Primary tumor tissue was obtained from patients diagnosed with PCa who underwent radical prostatectomy at Thomas Jefferson University Hospital in accordance with Institutional Review Board standards and in compliance with federal regulations governing research on de-identified specimens and/or clinical data (45 CFR 46.102(f)). Tumors were dissected by a clinical pathologist under sterile conditions and collected in processing media: improved minimum essential medium (5% fetal bovine serum, 0.01 mg/ml insulin (Invitrogen, 12585-014), 30 μM hydrocortisone (Sigma-Aldrich, St Louis, MO, USA, H-0888) and penicillin/streptomycin). Tissue was minced into ∼1 mm3 pieces and placed (2–3 pieces per well) in a 24-well plate on pre-soaked, 1 cm3 dental sponges (Novartis Animal Health, Greensboro, NC, USA, Vetspon) containing 0.5 ml of processing media with either 0.5 or 1 μM PD. Treatments and controls were refreshed every 48 h and explants were harvested at early and late time points (days 2 and 6, respectively) for histological assessment.

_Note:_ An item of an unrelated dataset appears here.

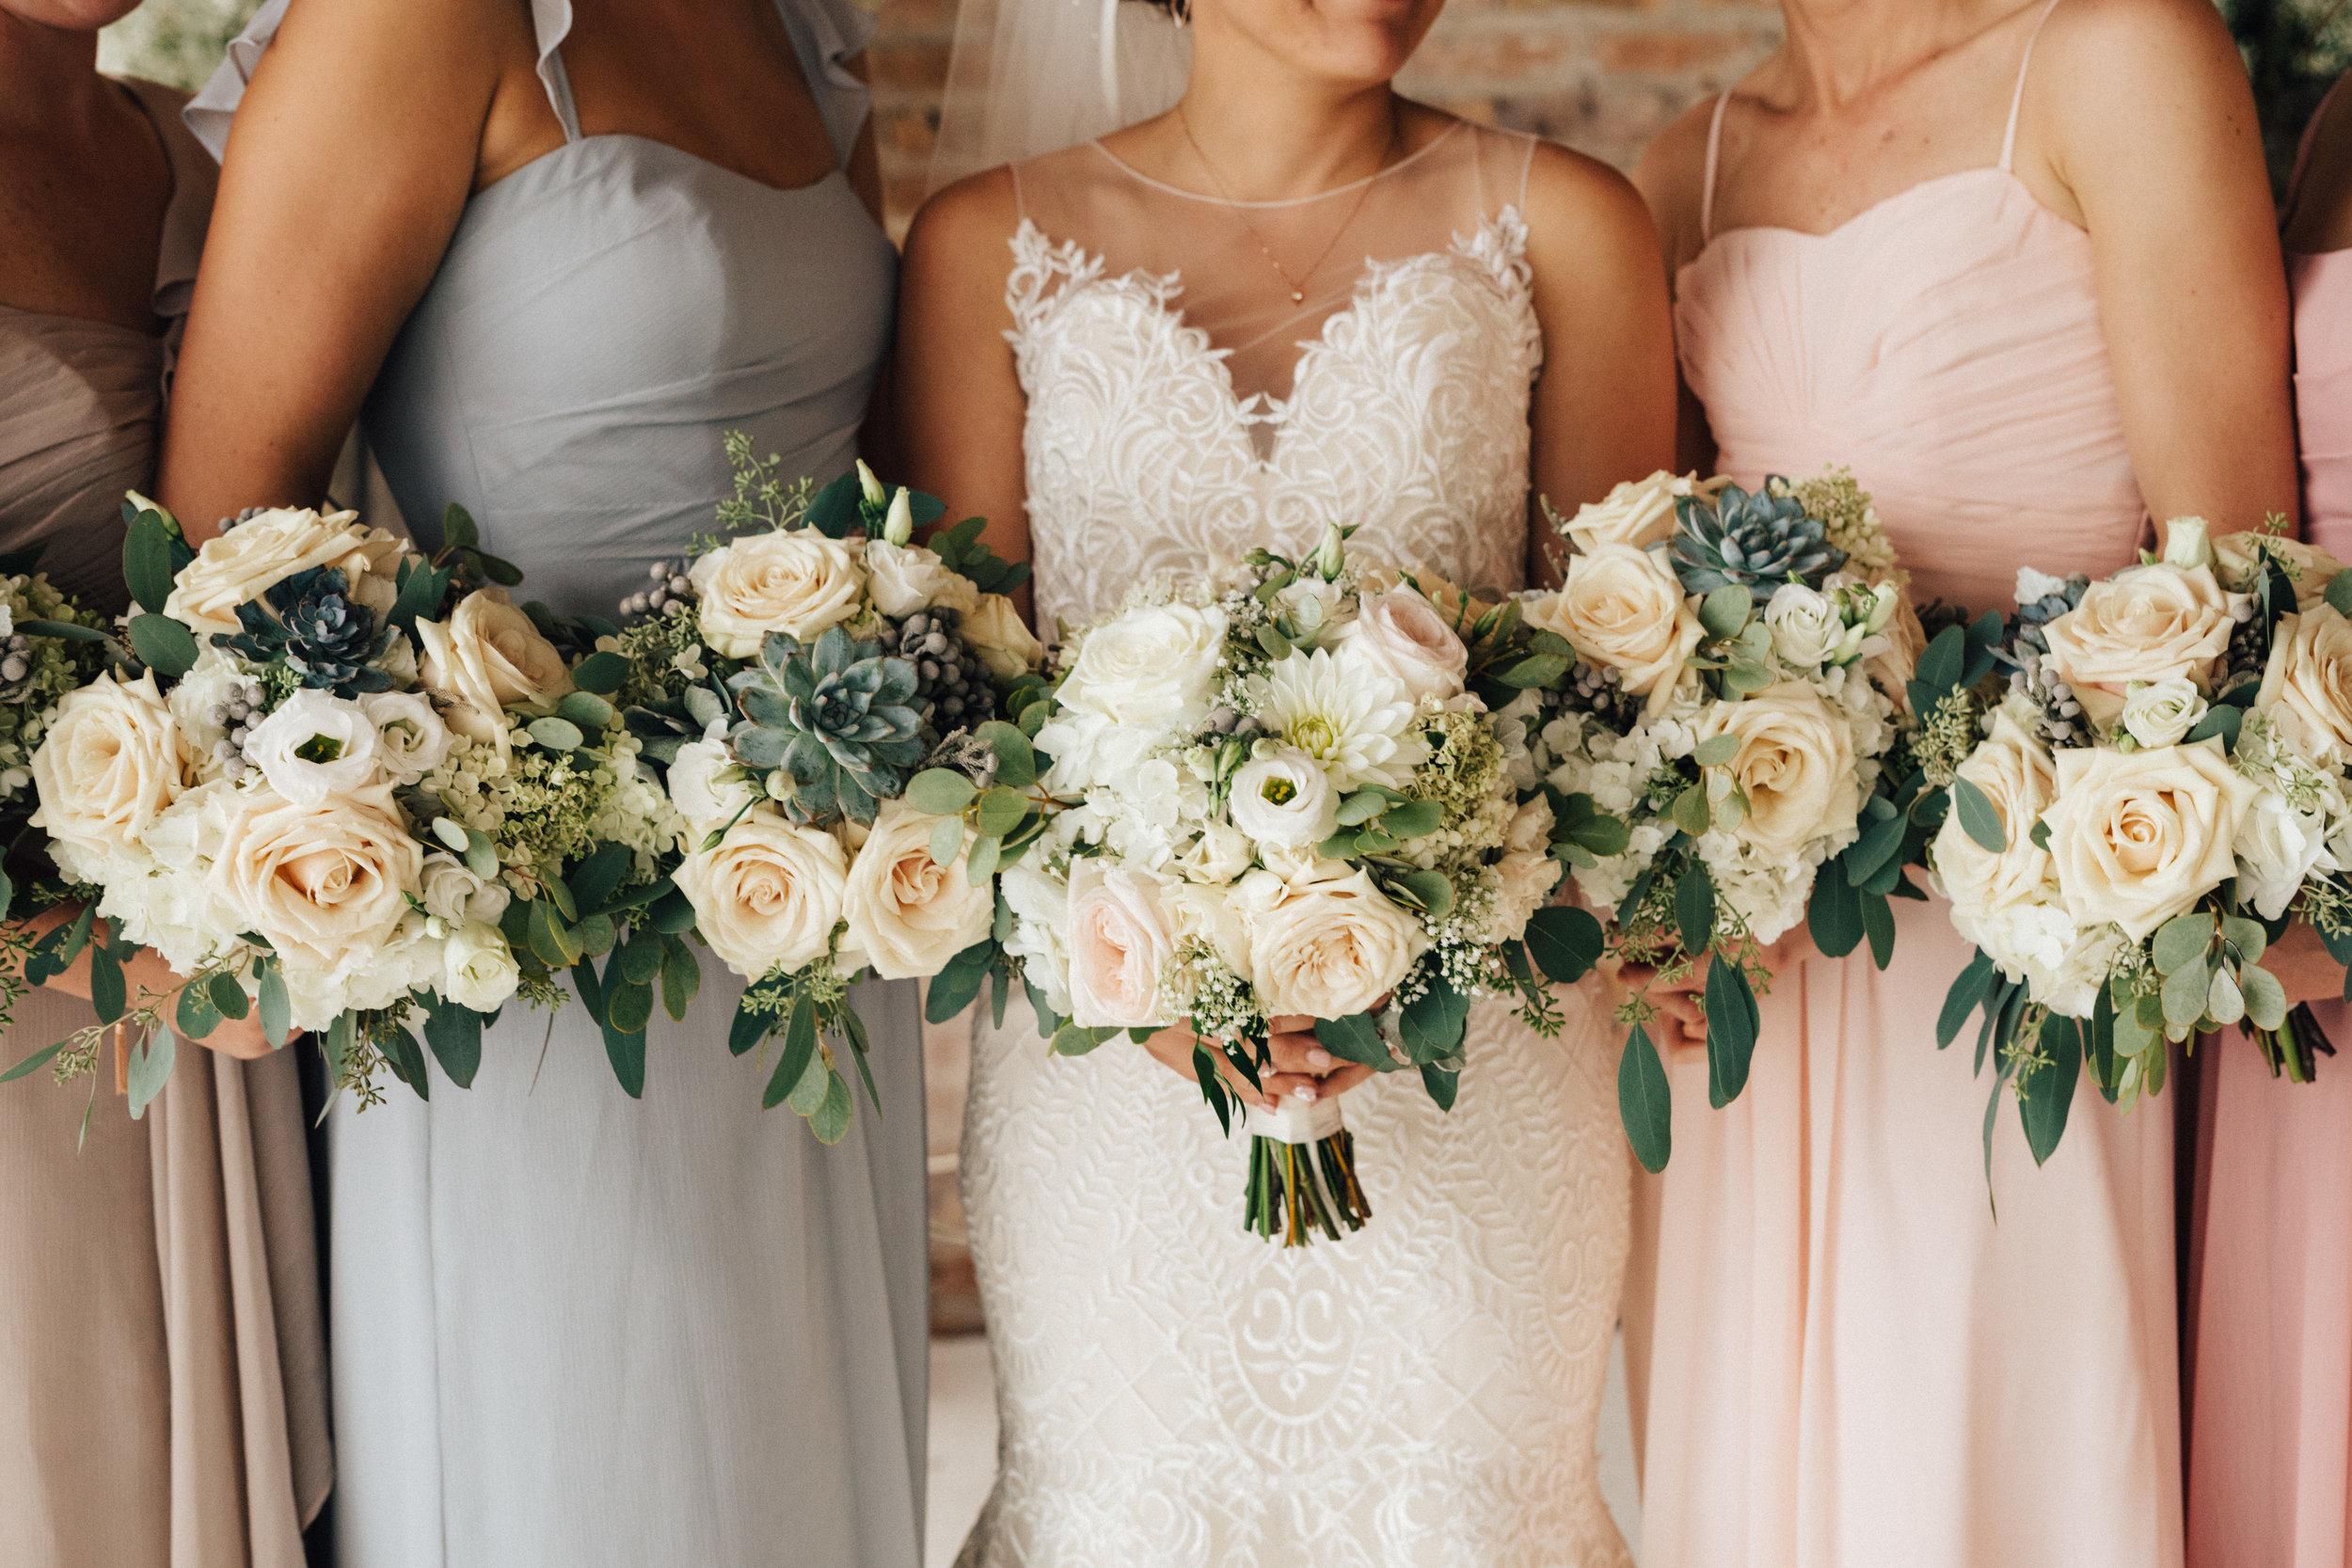 Vintage Wedding_Polly C Photography_20171726175624.jpg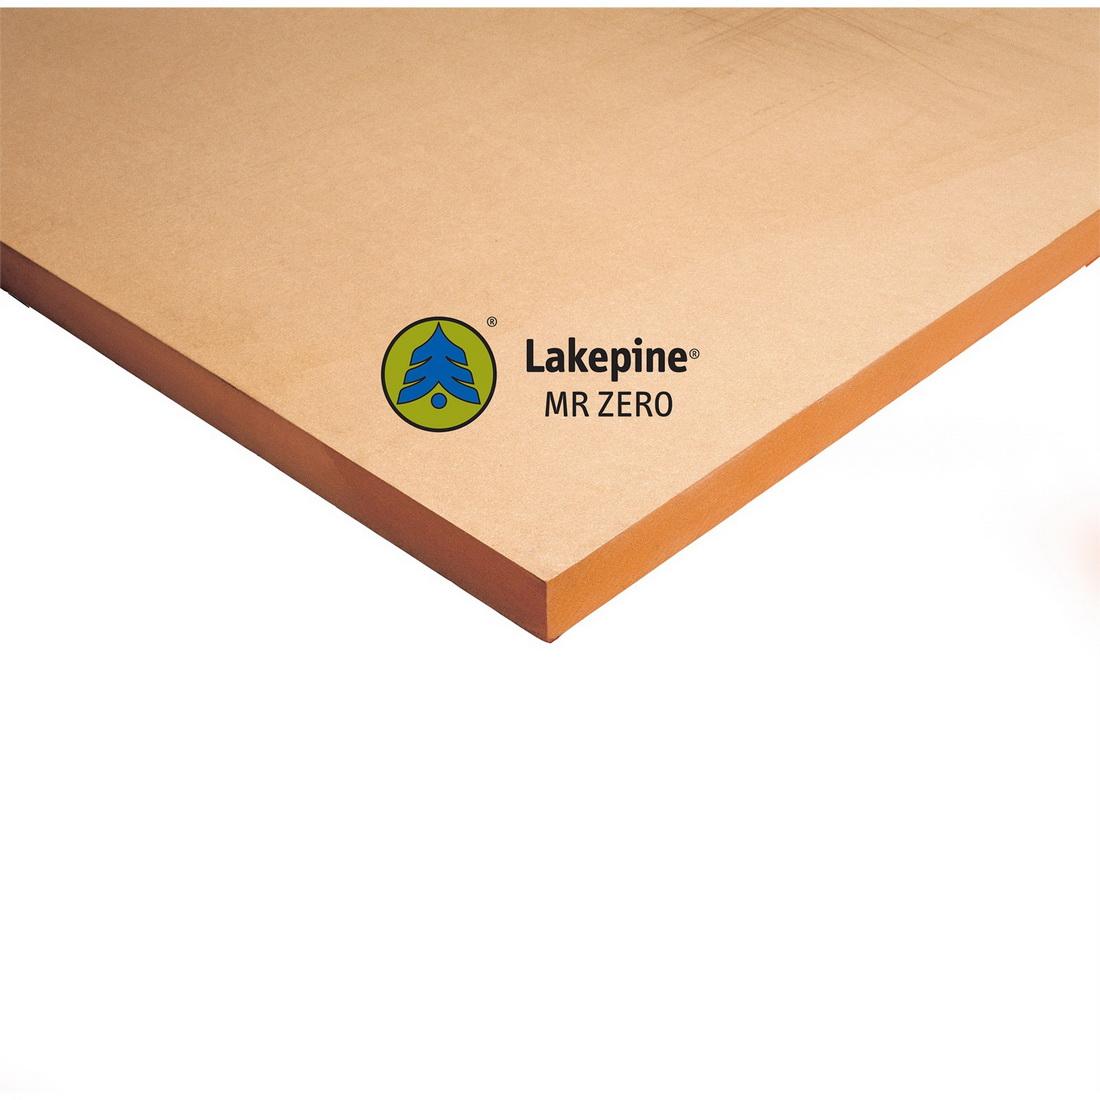 Lakepine Handi Panel 2440 mm x 300 mm x 18 mm MDF 872466

Control- and PD-treated explants (n=5 patients) with evidence of glandular epithelial tissue, as determined by a clinical pathologist, were stained for Ki-67 using clinically approved protocols by the Thomas Jefferson University Hospital. Xenograft and explant stained slides were quantified for percent Ki-67 using an AperioScope AT and Spectrum software using the nuclear staining algorithm (Aperio Technologies, Vista, CA, USA).